**Description of the task**
Find the lines below in which the string "India" occurs. Copy each one.
BEGIN Data
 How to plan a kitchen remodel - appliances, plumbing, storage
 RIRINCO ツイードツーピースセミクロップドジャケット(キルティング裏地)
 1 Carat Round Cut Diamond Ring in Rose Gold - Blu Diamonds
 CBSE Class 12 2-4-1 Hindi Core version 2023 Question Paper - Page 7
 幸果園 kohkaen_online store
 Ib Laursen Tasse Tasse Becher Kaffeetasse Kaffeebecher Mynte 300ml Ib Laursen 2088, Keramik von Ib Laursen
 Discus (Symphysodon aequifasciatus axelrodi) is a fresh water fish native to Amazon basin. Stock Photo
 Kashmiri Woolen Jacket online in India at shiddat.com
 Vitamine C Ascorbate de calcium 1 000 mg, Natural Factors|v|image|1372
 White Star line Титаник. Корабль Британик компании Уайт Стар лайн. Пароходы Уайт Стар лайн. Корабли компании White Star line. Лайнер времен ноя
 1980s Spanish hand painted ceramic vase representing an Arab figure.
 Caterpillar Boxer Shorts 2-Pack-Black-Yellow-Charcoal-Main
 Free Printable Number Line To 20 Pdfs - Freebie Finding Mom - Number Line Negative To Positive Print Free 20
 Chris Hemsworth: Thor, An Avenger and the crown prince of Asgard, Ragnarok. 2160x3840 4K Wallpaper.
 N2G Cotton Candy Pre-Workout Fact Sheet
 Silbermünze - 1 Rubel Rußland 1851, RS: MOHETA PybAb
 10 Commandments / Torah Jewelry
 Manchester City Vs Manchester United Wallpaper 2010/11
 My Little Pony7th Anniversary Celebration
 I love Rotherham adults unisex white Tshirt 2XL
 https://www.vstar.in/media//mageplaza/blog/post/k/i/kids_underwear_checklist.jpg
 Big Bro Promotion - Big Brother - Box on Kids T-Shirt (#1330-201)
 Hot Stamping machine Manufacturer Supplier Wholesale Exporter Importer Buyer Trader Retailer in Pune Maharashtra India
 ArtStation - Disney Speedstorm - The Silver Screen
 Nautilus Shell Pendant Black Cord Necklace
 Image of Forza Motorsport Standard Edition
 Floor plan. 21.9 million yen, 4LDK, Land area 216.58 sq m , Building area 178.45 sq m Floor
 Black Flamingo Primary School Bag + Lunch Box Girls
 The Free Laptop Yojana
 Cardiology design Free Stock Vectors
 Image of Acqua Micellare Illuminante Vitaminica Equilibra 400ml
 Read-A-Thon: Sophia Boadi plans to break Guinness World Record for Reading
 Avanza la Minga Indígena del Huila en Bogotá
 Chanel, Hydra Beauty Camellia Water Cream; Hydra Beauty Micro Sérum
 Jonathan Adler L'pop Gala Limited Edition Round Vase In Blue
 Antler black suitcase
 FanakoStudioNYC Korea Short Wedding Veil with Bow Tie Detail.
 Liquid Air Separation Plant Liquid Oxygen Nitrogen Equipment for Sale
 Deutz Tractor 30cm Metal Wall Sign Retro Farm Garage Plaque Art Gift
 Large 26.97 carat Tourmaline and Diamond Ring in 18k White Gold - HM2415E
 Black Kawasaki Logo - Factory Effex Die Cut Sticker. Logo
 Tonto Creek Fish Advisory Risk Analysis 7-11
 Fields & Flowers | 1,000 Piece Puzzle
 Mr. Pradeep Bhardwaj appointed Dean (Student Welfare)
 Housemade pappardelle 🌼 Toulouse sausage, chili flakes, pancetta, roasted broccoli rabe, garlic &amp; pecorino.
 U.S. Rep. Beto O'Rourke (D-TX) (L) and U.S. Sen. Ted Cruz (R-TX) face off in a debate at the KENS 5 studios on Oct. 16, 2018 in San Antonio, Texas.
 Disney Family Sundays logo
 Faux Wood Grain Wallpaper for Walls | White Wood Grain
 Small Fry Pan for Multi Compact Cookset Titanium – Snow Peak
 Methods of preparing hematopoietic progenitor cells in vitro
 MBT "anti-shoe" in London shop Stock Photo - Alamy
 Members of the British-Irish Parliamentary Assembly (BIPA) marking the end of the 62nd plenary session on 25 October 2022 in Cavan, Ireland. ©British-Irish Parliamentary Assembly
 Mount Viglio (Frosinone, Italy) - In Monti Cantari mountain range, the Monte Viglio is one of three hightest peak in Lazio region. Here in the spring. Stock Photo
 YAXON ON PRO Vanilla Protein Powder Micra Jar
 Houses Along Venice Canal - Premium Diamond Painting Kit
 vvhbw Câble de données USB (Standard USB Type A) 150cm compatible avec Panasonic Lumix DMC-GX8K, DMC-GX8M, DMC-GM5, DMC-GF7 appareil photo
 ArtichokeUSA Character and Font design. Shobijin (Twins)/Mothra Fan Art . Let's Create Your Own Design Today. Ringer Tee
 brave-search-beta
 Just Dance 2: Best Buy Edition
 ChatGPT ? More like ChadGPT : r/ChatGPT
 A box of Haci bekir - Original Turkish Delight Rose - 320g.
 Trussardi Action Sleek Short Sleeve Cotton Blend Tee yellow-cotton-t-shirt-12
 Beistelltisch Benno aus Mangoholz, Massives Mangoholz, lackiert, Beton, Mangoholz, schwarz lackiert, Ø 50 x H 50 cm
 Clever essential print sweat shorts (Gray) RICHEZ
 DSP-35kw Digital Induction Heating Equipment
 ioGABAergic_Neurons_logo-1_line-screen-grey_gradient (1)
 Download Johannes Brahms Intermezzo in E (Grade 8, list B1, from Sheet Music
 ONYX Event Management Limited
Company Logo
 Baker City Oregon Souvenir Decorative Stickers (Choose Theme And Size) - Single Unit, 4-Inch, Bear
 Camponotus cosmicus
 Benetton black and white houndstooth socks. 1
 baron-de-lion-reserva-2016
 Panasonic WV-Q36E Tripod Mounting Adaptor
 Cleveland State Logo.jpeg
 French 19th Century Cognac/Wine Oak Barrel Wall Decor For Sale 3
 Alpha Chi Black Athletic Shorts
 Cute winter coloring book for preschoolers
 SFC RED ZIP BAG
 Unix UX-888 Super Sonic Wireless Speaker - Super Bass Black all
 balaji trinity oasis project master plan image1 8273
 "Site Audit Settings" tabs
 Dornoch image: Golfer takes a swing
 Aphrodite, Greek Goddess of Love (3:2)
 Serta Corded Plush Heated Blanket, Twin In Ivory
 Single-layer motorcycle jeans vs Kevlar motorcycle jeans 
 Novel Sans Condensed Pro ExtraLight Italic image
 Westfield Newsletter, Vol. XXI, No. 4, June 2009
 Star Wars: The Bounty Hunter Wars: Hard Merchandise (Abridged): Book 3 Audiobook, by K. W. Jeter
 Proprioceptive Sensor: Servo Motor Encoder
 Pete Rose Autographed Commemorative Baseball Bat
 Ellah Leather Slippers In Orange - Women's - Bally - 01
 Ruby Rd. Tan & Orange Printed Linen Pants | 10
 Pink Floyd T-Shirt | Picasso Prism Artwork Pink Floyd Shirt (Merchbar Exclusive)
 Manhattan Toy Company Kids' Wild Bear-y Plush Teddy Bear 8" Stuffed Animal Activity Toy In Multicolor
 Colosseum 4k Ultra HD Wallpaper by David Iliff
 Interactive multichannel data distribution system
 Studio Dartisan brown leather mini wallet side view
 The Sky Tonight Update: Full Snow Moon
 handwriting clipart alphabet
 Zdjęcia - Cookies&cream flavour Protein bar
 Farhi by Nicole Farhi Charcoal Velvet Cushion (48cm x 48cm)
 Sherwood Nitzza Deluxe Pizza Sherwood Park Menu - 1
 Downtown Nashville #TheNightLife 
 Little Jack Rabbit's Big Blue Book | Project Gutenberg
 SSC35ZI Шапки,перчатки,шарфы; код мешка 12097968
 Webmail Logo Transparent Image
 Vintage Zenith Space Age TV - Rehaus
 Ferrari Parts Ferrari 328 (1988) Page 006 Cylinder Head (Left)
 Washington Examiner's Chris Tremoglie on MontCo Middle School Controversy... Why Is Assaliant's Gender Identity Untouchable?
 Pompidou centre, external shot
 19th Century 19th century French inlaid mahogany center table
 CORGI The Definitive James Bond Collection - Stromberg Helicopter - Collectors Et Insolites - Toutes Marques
END Data
**Response box**
 Kashmiri Woolen Jacket online in India at shiddat.com
 Hot Stamping machine Manufacturer Supplier Wholesale Exporter Importer Buyer Trader Retailer in Pune Maharashtra India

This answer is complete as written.